I have tried this with C# + .NET 4.5 on Windows and Java 1.7 on Linux. In either case, I never seem to get the error response and the socket indicates that no data is available to read.
Are half-closed sockets supported on these operating systems and/or frameworks? There isn't anything that seems to indicate either way.
I know that the way I am setting things up works correctly because if I use a valid token with a valid notification, those do get delivered.
In response to one of the comments, I am using the enhanced notification format so a response should arrive from APNS.
Here is the code I have for C#:-
X509Certificate certificate =
new X509Certificate(#"Foo.cer", "password");
X509CertificateCollection collection = new X509CertificateCollection();
collection.Add(certificate);
Socket socket =
new Socket(AddressFamily.InterNetwork, SocketType.Stream, ProtocolType.Tcp);
socket.Connect("gateway.sandbox.push.apple.com", 2195);
NetworkStream stream =
new NetworkStream(socket, System.IO.FileAccess.ReadWrite, false);
stream.ReadTimeout = 1000;
stream.WriteTimeout = 1000;
sslStream =
new SslStream(stream, true,
new RemoteCertificateValidationCallback(ValidateServerCertificate), null);
sslStream.AuthenticateAsClient("gateway.sandbox.push.apple.com", collection,
SslProtocols.Default, false);
sslStream.ReadTimeout = 10000;
sslStream.WriteTimeout = 1000;
// Task rdr = Task.Factory.StartNew(this.reader);
// rdr is used for parallel read of socket sleeping 5ms between each read.
// Not used now but another alternative that was tried.
Random r = new Random(DateTime.Now.Second);
byte[] buffer = new byte[32];
r.NextBytes(buffer);
byte[] resp = new byte[6];
String erroneousToken = toHex(buffer);
TimeSpan t = (DateTime.UtcNow - new DateTime(1970, 1, 1));
int timestamp = (int) t.TotalSeconds;
try
{
for (int i = 0; i < 1000; ++i)
{
// build the notification; format is published in APNS docs.
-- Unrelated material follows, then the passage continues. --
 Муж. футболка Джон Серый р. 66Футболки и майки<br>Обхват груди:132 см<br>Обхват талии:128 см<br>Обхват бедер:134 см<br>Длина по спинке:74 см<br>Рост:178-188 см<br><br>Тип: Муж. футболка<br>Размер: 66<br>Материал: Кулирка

var not = new ApplicationNotificationBuilder().withToken(buffer).withPayload(
#'{"aps": {"alert":"foo","sound":"default","badge":1}}').withExpiration(
timestamp).withIdentifier(i+1).build();
sslStream.Write(buffer);
sslStream.Flush();
Console.Out.WriteLine("Sent message # " + i);
int rd = sslStream.Read(resp, 0, 6);
if (rd > 0)
{
Console.Out.WriteLine("Found response: " + rd);
break;
}
// doesn't really matter how fast or how slow we send
Thread.Sleep(500);
}
}
catch (Exception ex)
{
Console.Out.WriteLine("Failed to write ...");
int rd = sslStream.Read(resp, 0, 6);
if (rd > 0)
{
Console.Out.WriteLine("Found response: " + rd); ;
}
}
// rdr.Wait(); change to non-infinite timeout to allow error reader to terminate
I implemented server side for APNS in Java and have problems reading the error responses reliably (meaning - never miss any error response), but I do manage to get error responses.
You can see this related question, though it has no adequate answer.
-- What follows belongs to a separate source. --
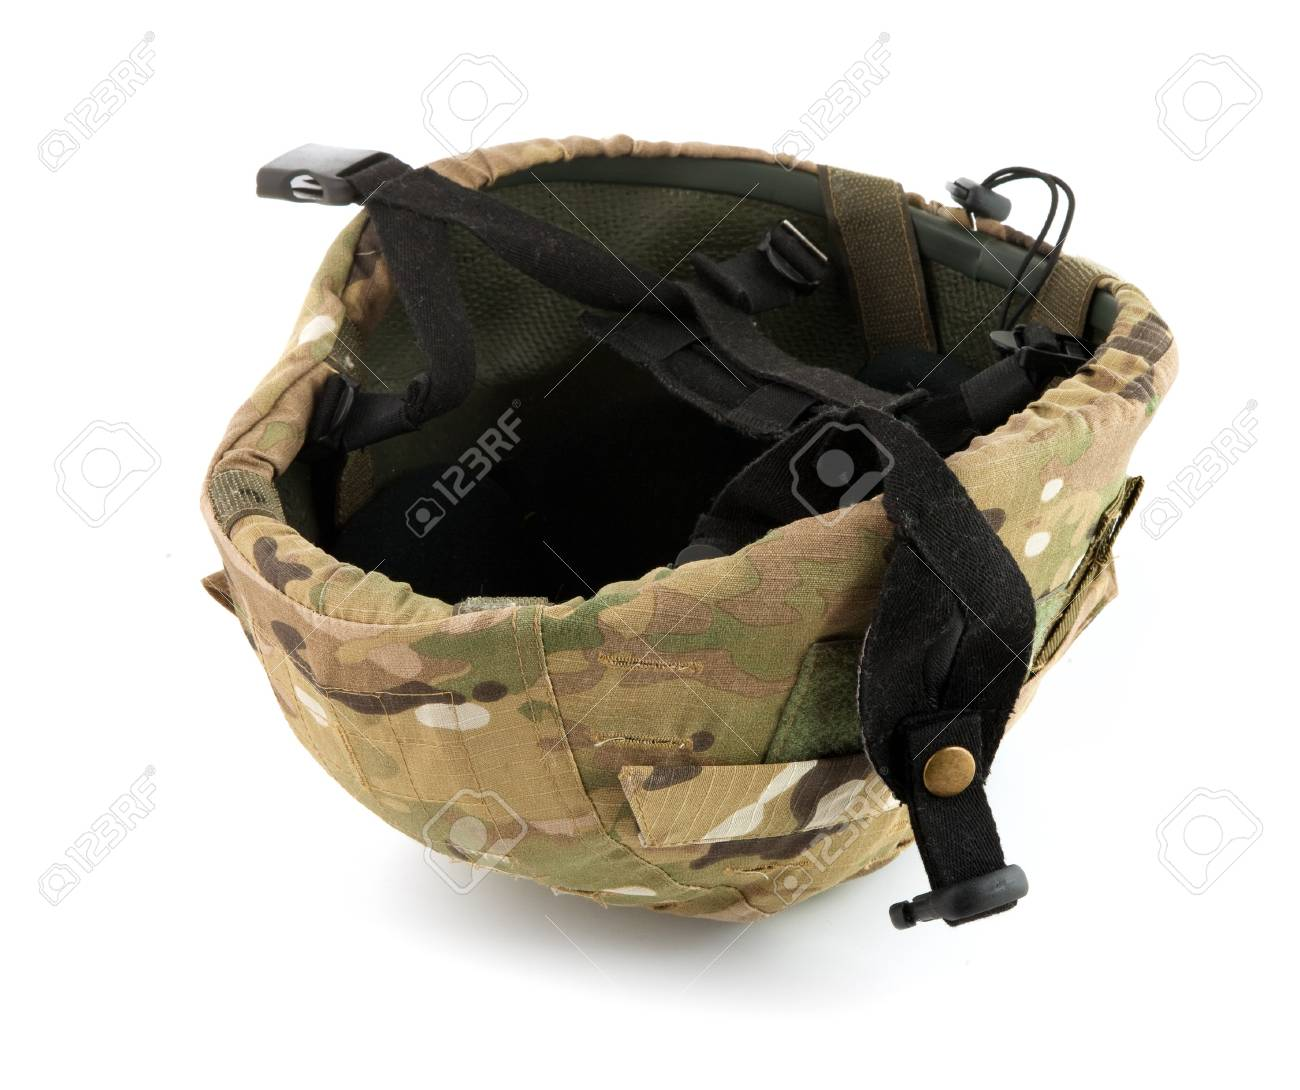 Casco militar aislar sobre un fondo blanco Foto de archivo - 7998189 5bc7f0552e8

If you never manage to read the error response, there must be something wrong with your code.
Using a separate thread for reading worked for me, though not 100% reliable.
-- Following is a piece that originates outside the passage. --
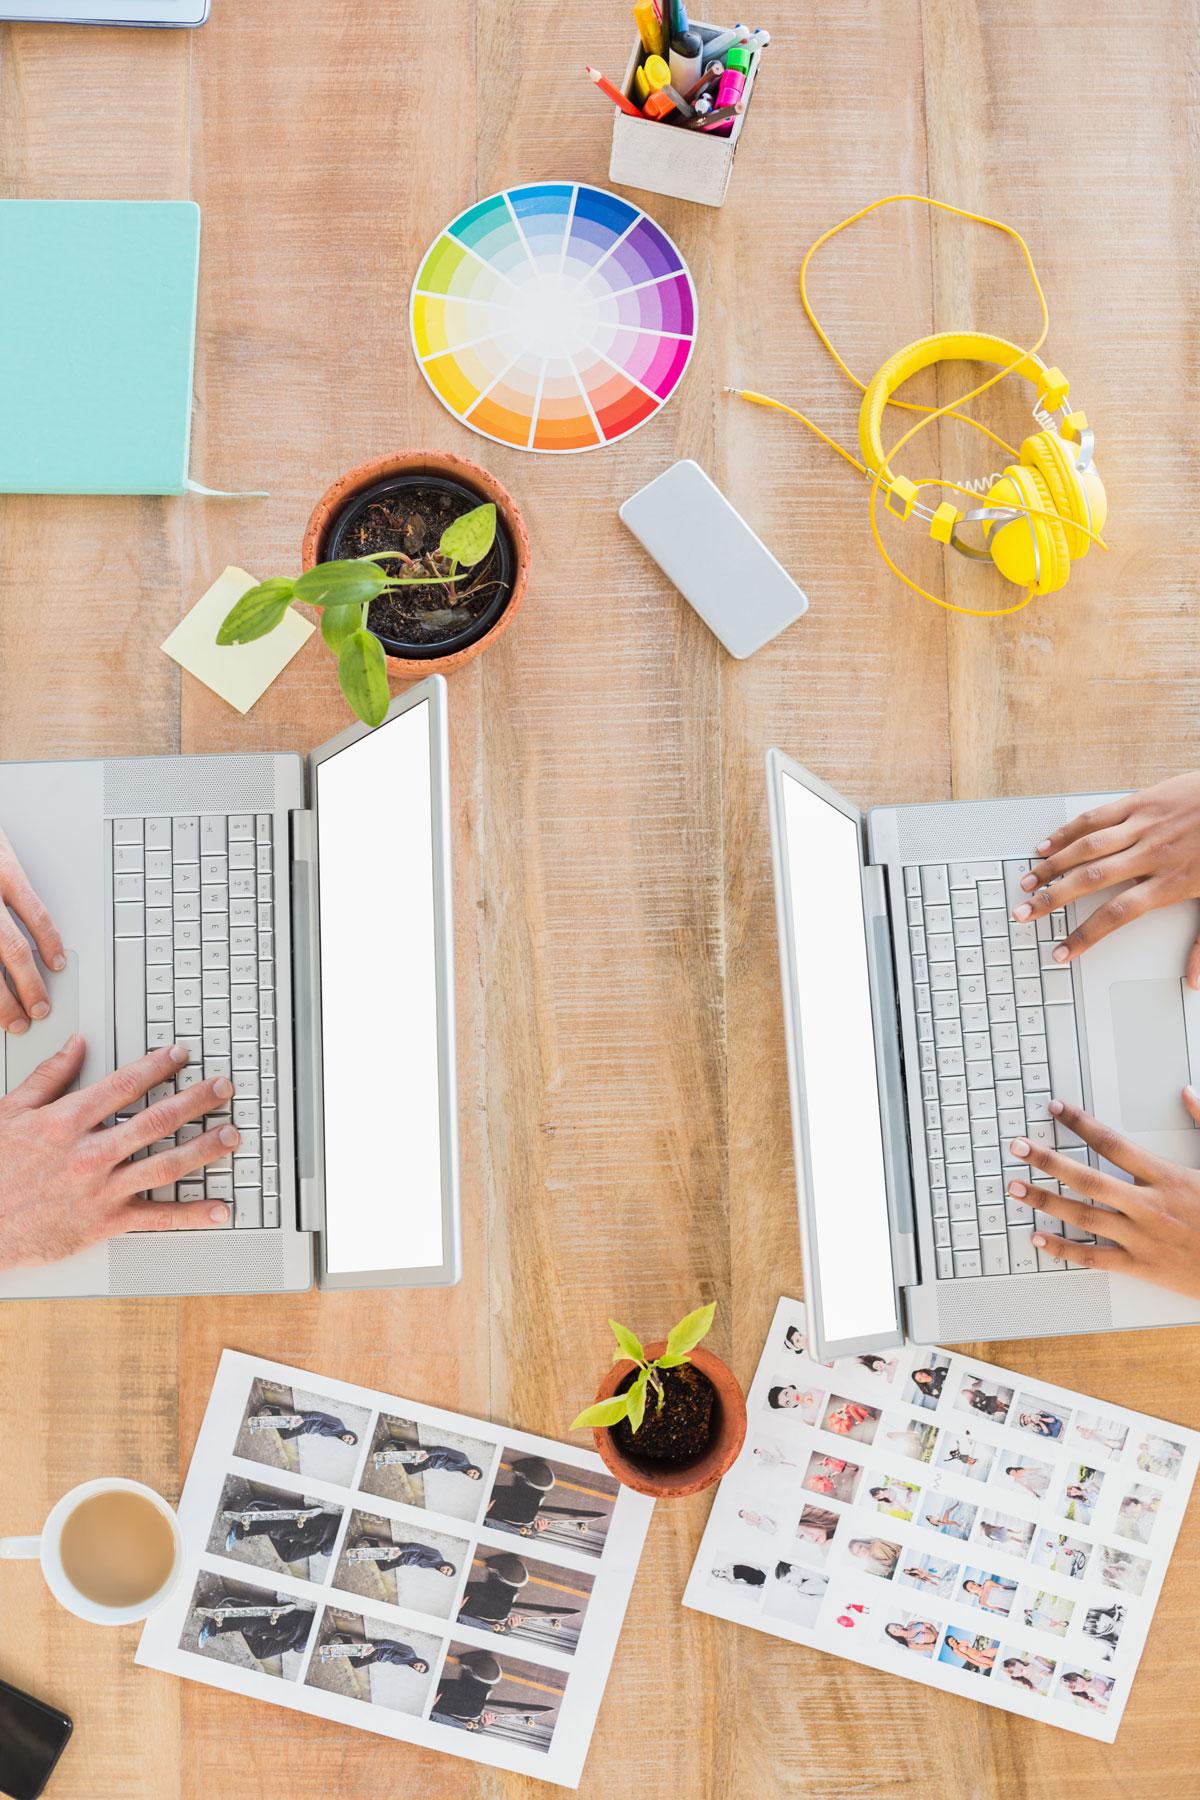 Web Development & Design  E-commerce Solutions  SEO & SEM  Social Media Services  Branding  Mobile Applications  Media Production

Use a blocking read after write fail - that's what Apple suggest to do, but it doesn't always work. It's possible that you send 100 messages, and the first has an invalid token, and only after the 100th message you get a write failure. At this point it is sometimes too late to read the error response from the socket.
I'm not sure what you mean there.
If you want to guarantee that the reading of the error responses will work, you should try to read after each write, with a sufficient timeout. This, of course, is not practical for using in production (since it's incredibly slow), but you can use it to verify that your code of reading and parsing the error response is correct. You can also use it to iterate over all the device tokens you have, and find all the invalid ones, in order to clean your DB.
You didn't post any code, so I don't know what binary format you are using to send messages to APNS. If you are using the simple format (that starts with a 0 byte and has no message ID), you won't get any responses from Apple.